Differential genes detected at 5% FDR in hemoglobin SS reticulocytes from 5 SCA patients compared to hemoglobin AA reticulocytes from 5 African American control individuals. (A) Volcano plot of differential genes. The top one percent of the most signifcant genes were labeled. ATG14 autophagy related 14, SLC16A1 solute carrier family 16 member 1, PCMTD2 protein-L-isoaspartate (D-aspartate) O-methyltransferase domain containing 2, ARHGEF12 Rho guanine nucleotide exchange factor 12, PNRC2 proline rich nuclear receptor coactivator 2, KDM7A lysine demethylase 7A, MFAP3 microfibrillar associated protein 3, THAP5 THAP domain containing 5, ZNF37A zinc finger protein 37A, CNOT6 CCR4-NOT transcription complex subunit 6, NCOA2 nuclear receptor coactivator 2, KAT2B lysine acetyltransferase 2B, NBR1 NBR1 autophagy cargo receptor. (B) GO biological processes and KEGG pathways enriched with differential genes. (C,D) Hierarchical clustering of genes whose expressions were (C) increased or (D) decreased in hemoglobin SS reticulocytes, using correlation distance of expression changes across stage transitions in hemoglobin AA erythrobasts by An et al. Enriched GO biological processes with adjusted P-value < 0.05 are labelled per gene cluster.

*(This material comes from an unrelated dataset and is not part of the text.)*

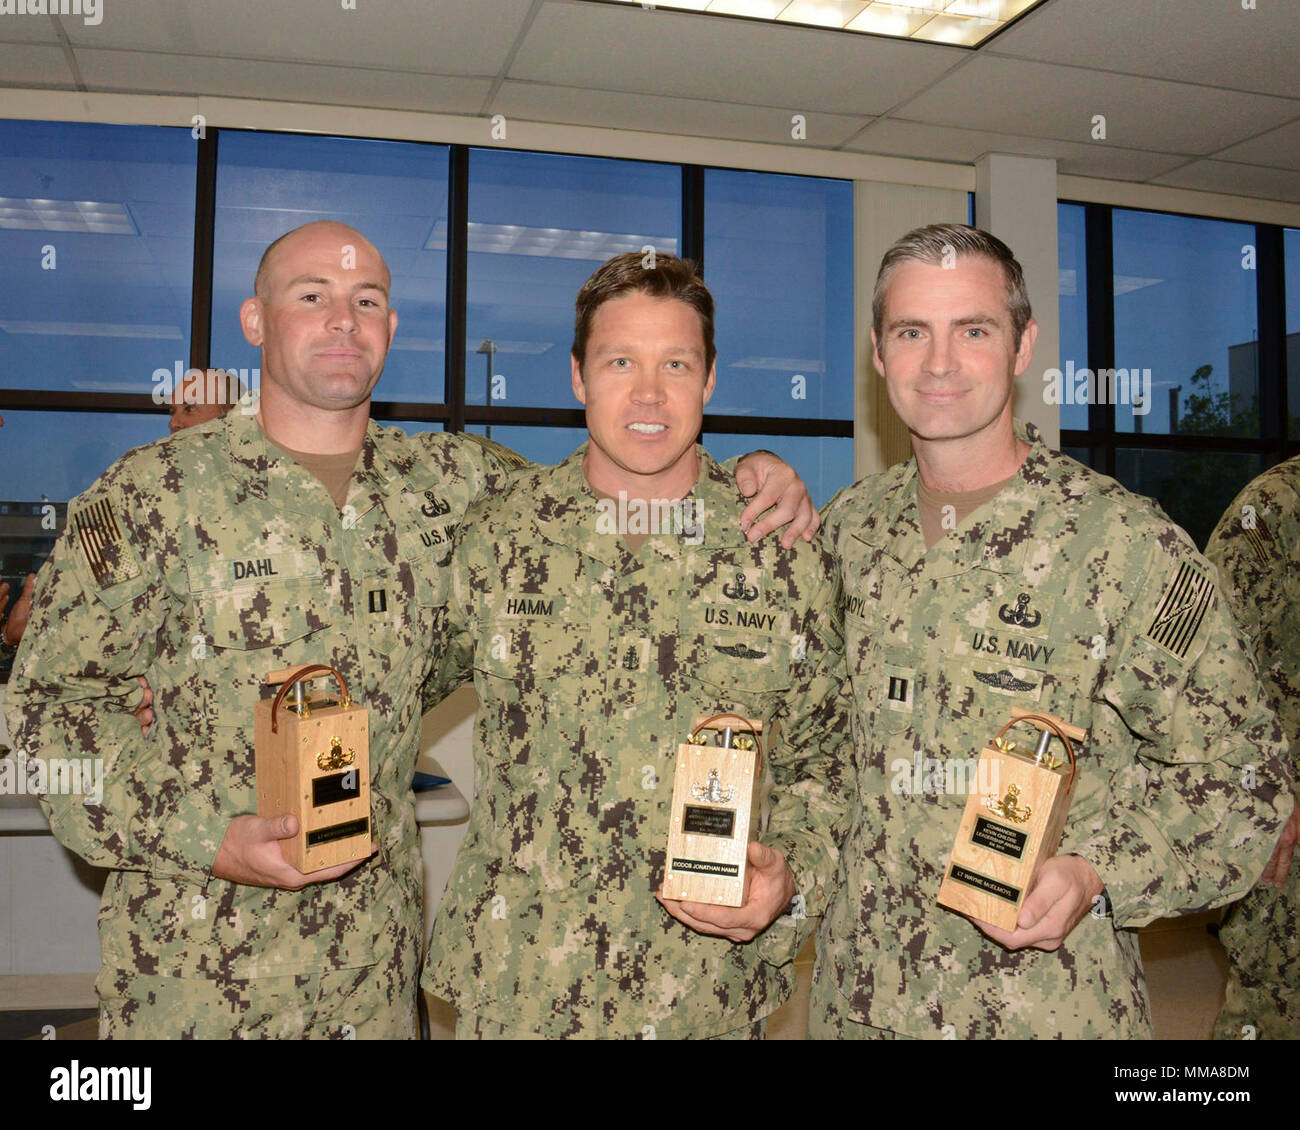 SAN DIEGO (Sept. 20, 2017) Rear Adm. Brian Brakke, commander of Navy Expeditionary Combat Command (NECC)  presented Lt. Morgan Dahl (left) the Rear Adm. Draper L. Kauffman leadership award, Explosive Ordnance Disposal Senior Chief Jonathan Hamm (middle) with the Force Master Chief Anthony Santino Leadership, and Lt. Wayne Mcelmoyl (right) with the Cmdr. Kevin Childre Excellence award during an award ceremony at Explosive Ordnance Disposal (EOD) Mobile Unit Three aboard Naval Base Coronado, Sept. 20. U.S. Navy EOD is the world's premier combat force for countering explosive hazards and conducti Stock Photo

Transcripts in reticulocytes are remnants of preceding erythroblasts. To assess the developmental context of the genes differentially expressed in SCA (hemoglobin SS) reticulocytes, we examined how their expressions changed in stage transitions in human hemoglobin AA erythroblasts as reported by An and colleagues13. An’s study applied fluorescence-activated sorting-based methods to purify erythroblasts and examined transitions spanning the proerythroblastic (ProE), early basophilic (EB), late basophilic (LB), polychromatic (Poly), and orthochromatic (Ortho) stages. Across the genes analyzed in both studies, the median reads per kilobase million in An et al. were correlated with the median fragments per kilobase million in this study with Spearman’s rho 0.40, 0.44, 0.50, 0.65, 0.68 for ProE, EB, LB, Poly, and Ortho, respectively. The increasing correlation of gene expression profile between reticulocytes and differentiating erythroblasts is consistent with the position of reticulocytes in erythroblast lineage. It also indicates that our fractioning method of reticulocyte transcripts (“Methods”) captured relevant variation in erythroblasts.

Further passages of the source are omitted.